Hablemos sobre el hombre en su sentido más radical. Esto, a la vez, significa hablar del hombre en su sentido más trágico. Porque muy probablemente sea el más puro, si no el único sentido del hombre; su natural tragedia.
El hombre es un ser sediento de vida en todo momento. Su alma pide a gritos, hasta desgarrarse su voz, una satisfacción, una fruición. Pero qué ocurre cuando se da la superación de éstas; he aquí el gran problema, el punto donde la ética y la felicidad son cuestionadas de forma subversiva. Por quién son subvertidas no es asunto que nos incumba ahora, aunque de seguro su elucidación sería placentera e imposible (el segundo rasgo posibilita el primero).

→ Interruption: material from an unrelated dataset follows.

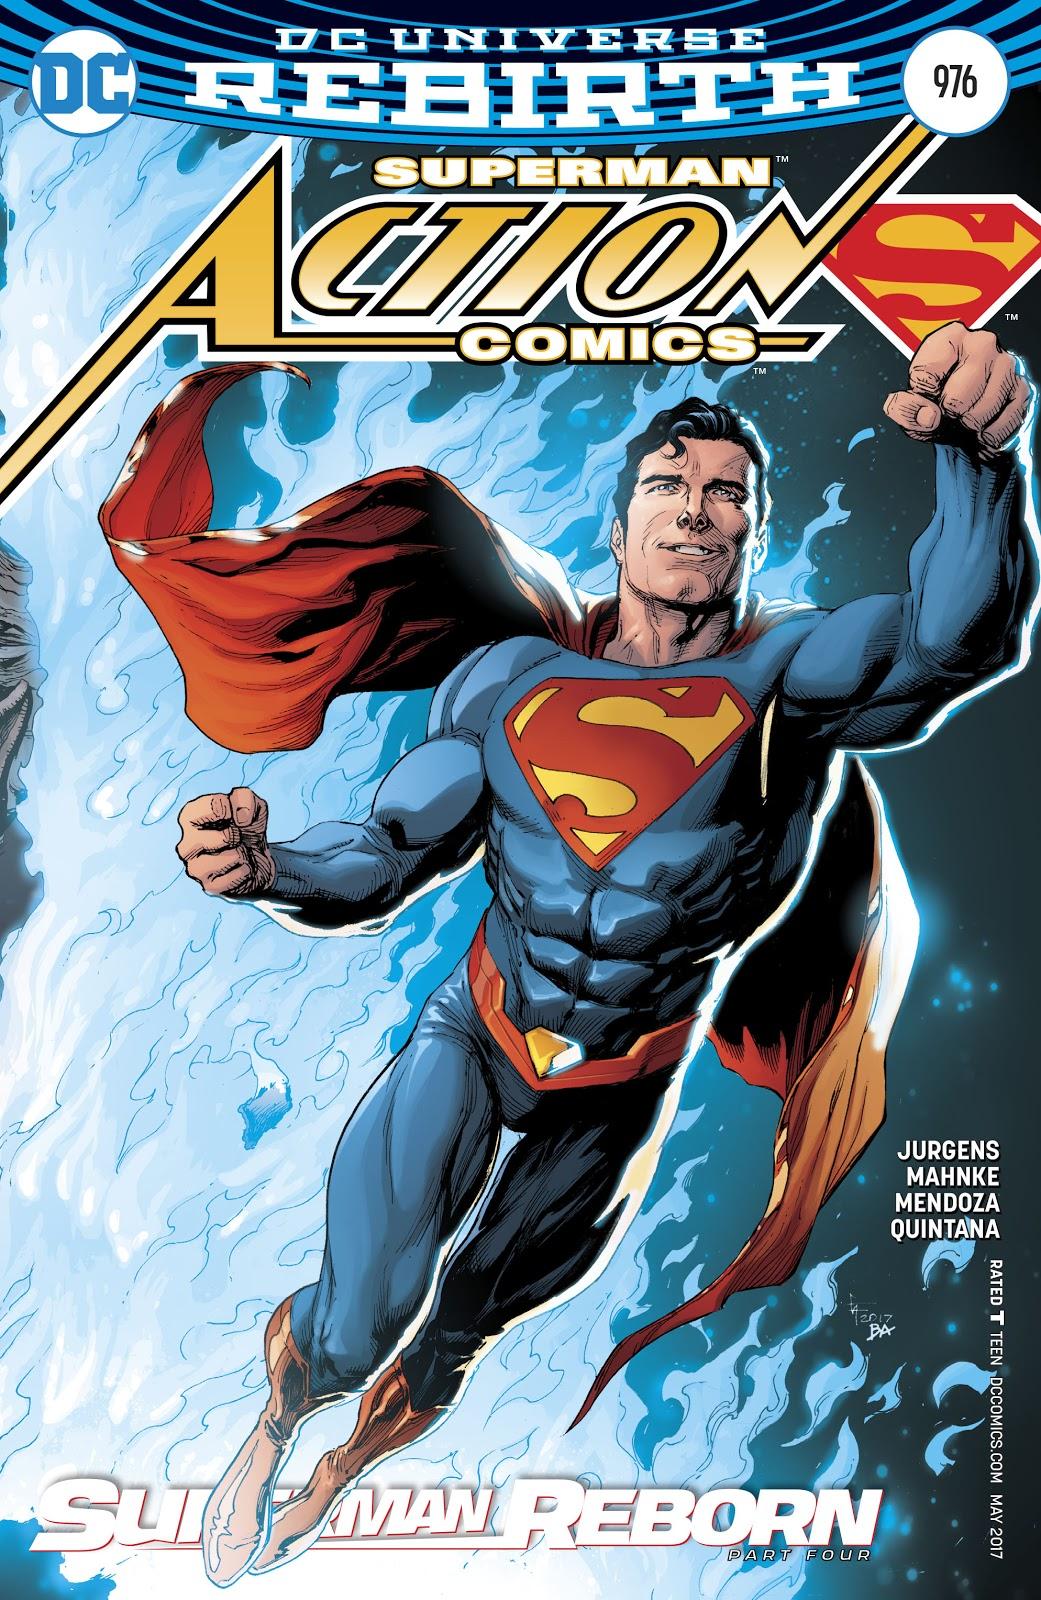 Action Comics Vol 1 976 Variant.jpg

Porque fíjense ustedes que el inigualable placer que siente uno al filosofar no reside en su apego acuciante a la Verdad, ni siquiera en la esperanza
en resolver en pocos aforismos las primeras causas del mundo y las inquietudes de los hombres. Estas son cosas plausibles, pero no me bastan. Y por qué no me bastan, pues sencillamente porque son agotables y el proceso de realización de las mismas podría llevar, en su óptima versión, a una consecución de sus fines. Noten que aquí nos topamos con una paradoja de calibre incalculable. Mientras anhelamos y buscamos con ahínco esa Verdad absoluta que todo lo dilucide, esa Verdad que en todas las cosas trasluzca y que sea de ellas madre y diosa providente, mientras hacemos todo esto, aspiramos a negar nuestra propia acción. Aspiramos a, una vez descubierta esa verdad, a dejar de buscarla, dejar de anhelar, de querer saber. Nuestra sed vital de conocimiento se apagaría, obviamente, porque ya tendríamos lo que buscábamos. Pero, una vez aprehendida esta Verdad, ¿qué hacer con ella? ¿La escondemos en las tinieblas para volverla a buscar? Téngase en cuenta que el atributo primero de “verdad” es la “no falsedad”, por lo tanto toda parte de una “verdad” es verdadera, y por consiguiente todo lo externo a esa misma “verdad” es falso. En una “verdad” no sólo es verdadero su sentido esencial, aunque sea lo más importante. Para que una cosa, a mi modo de ver, sea verdadera, ha de saber sus relaciones con todas las otras cosas. Es decir, no sólo es verdad en sí misma, sino que es verdad su relación con a, con b, con c, con d, y así hasta el infinito… Por tanto, la Verdad es infinita. Es, más que eso, inaprensible, y en el caso de que se pudiera aprehender, no sería abarcable por el ser humano. He aquí un argumento terrible contra la Verdad Absoluta; no puede haberla, porque su existencia niega todo lo demás.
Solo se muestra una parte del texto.